Issue 216
April 2025
A new review exposes the not-so-sweet science of MMA doping, and we explain how fighters can protect themselves from getting banned by accident or stupidity.
You can now fail a drug test from a pre-workout, a cuddle from the wrong person, or a rogue spice rack. Welcome to the new rules of anti-doping. A new systematic review published in The Physician and Sportsmedicine just lifted the gi on how dirty the fight game risks becoming. It is the first major review to zero in on doping in combat sports, where it looked at six key studies covering over 12,000 combat sports athletes, and what it uncovers is more worrying than a late-notice replacement with nothing to lose. Add in some insights from Oliver Catlin, CEO of the Banned Substances Control Group, and it’s clear that the testing rules aren’t keeping up, social norms are bending reality, and even a grain of contaminated salt could KO career. Here’s what every fighter needs to know now.
1. THE HEAVIER GET TESTED MORE
Forget about the little guys skimming the rules. It turns out it’s the big units doing all the damage. According to the review, athletes in heavier weight categories racked up more anti-doping rule violations (ADRVs) than their featherweight cousins. A study on UFC fighters found anabolic agents, hormone modulators, and diuretics were most commonly detected, with heavier fighters sitting atop the naughty list. Oliver Catlin warned why this might be on the Fighter Health Podcast: “The biggest issues, I think, are coming in and around the stimulant weight loss arena, pre-workouts. We still see stimulant contaminants on a fairly regular basis.”
Take-home message? Size matters. But so does where you’re shopping, so choose your supplements wisely, making sure they’re third-party tested.

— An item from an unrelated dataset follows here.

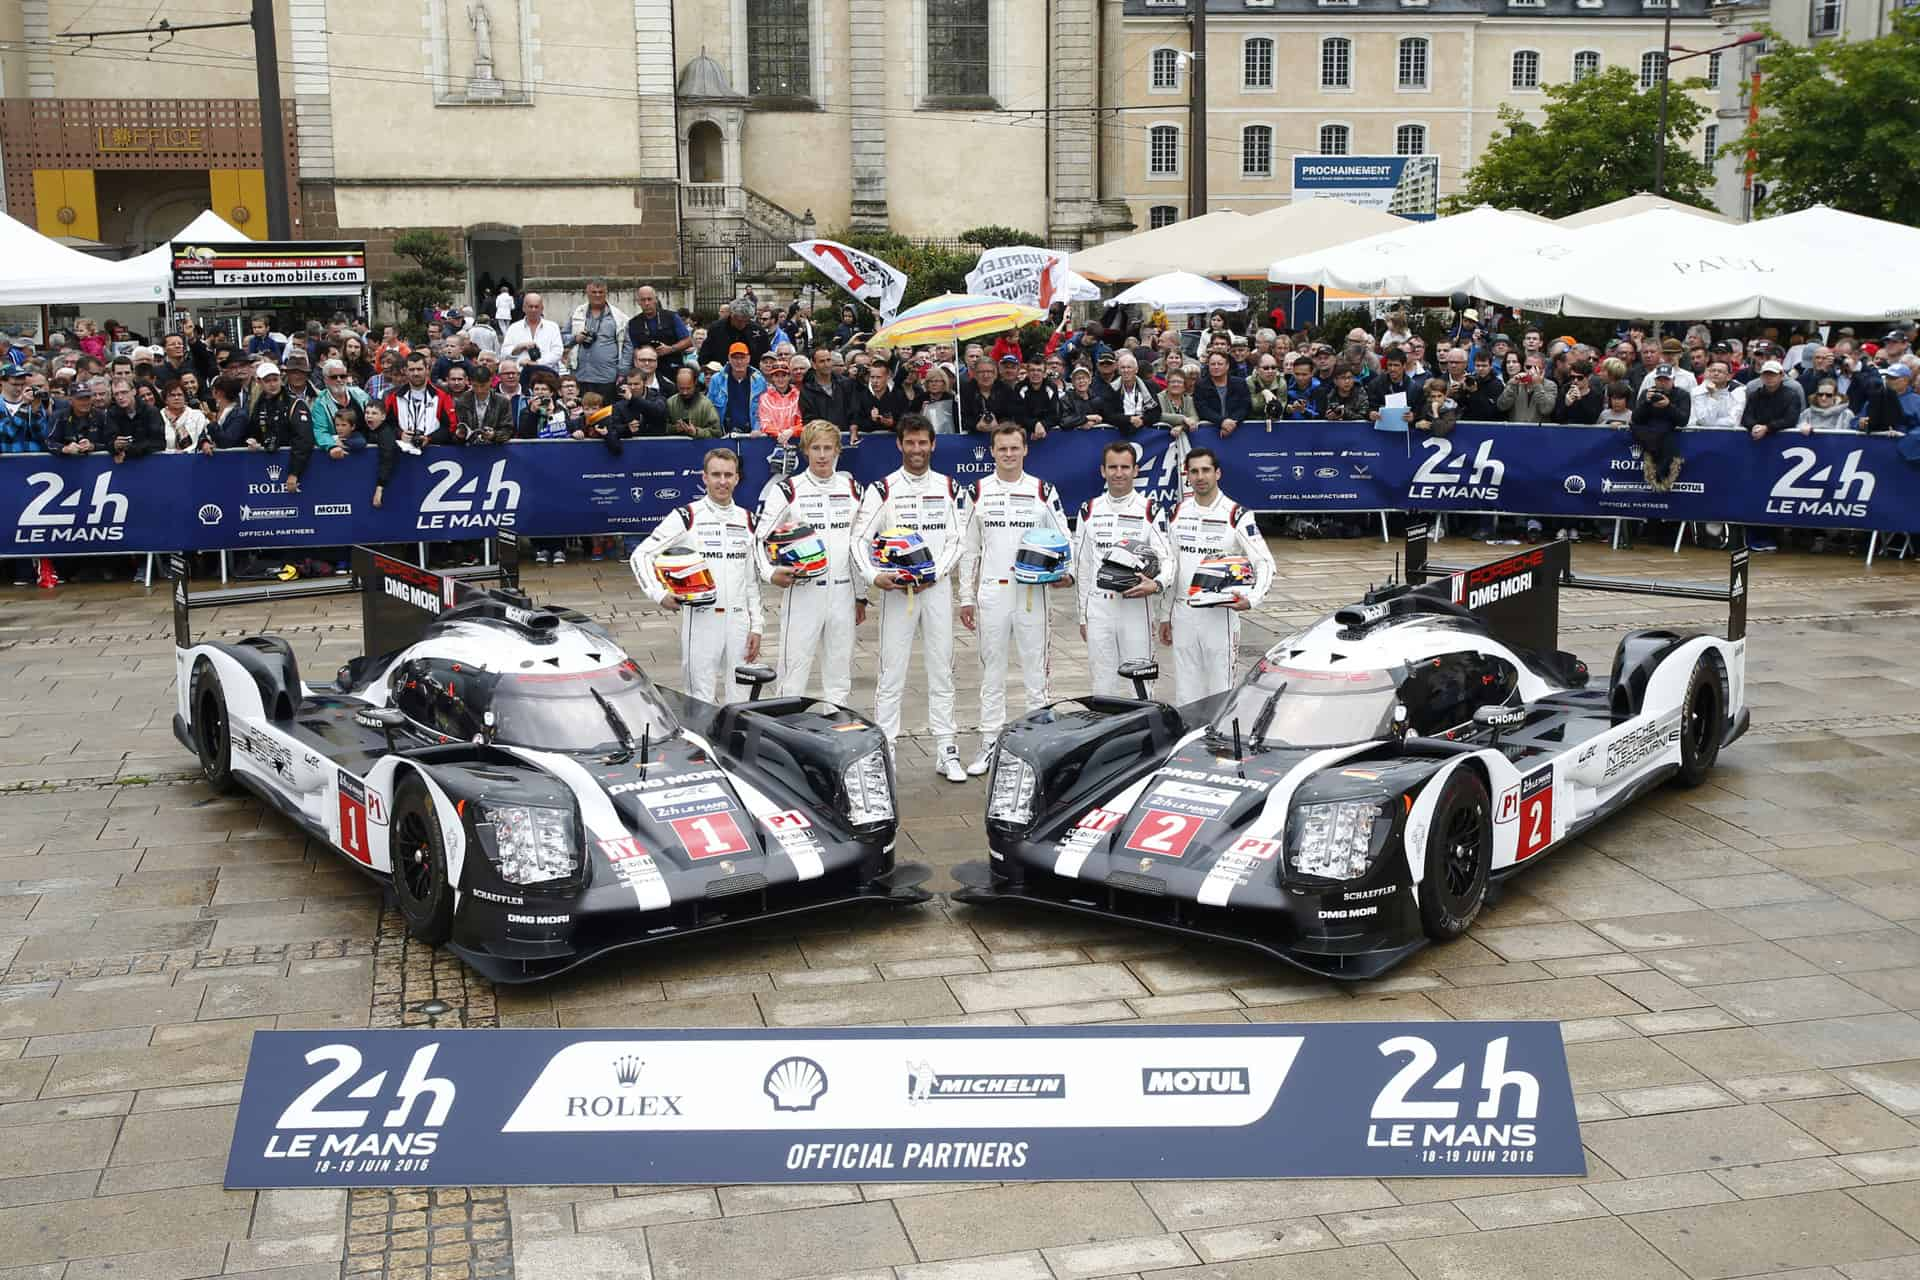 Porsche 919 Hybrid, Porsche Team 1: Timo Bernhard, Brendon Hartley, Mark Webber, Porsche Team 2: Marc Lieb, Romain Dumas, Neel Jani (l-r)

2. CHEATING COMES IN MANY FORMS
Want to slide under the radar during rapid weight loss? Some fighters still think a diuretic will do the trick. The trouble is that diuretics don’t just help fighters make weight. They also help flush out other banned substances. The review highlights how fenoterol, a β2-agonist, spiked in athletes undergoing intense weight cuts, especially in judo. This muddy water isn’t just theoretical. “There have been positive drug tests from massage, kissing, even sharing a neoprene sleeve with someone who used drugs,” explains Catlin. If you’re a drug-tested athlete, always be cautious because inadvertent doping is on the rise.
3. BEING CLEAN DOESN'T MEAN BEING SAFE
Here’s a hard truth: you can do everything right and still test positive. Why? Because contamination is now so widespread, it makes real doping look subtle.
“There was a survey done two years ago that looked at 50 available dietary supplement surveys,” says Catlin. “Across all those different surveys. The data showed that there was 28% of those supplements across all those surveys that had a significant possibility of causing an inadvertent positive drug test. We are capable of finding a thousand times less of a substance today than we were in previous times. A grain of salt is 58.5 micrograms.”
That’s less than a sneeze of a mistake. And it is more than enough to derail a title shot. If your supplements aren’t third-party certified, you’re playing molecular roulette.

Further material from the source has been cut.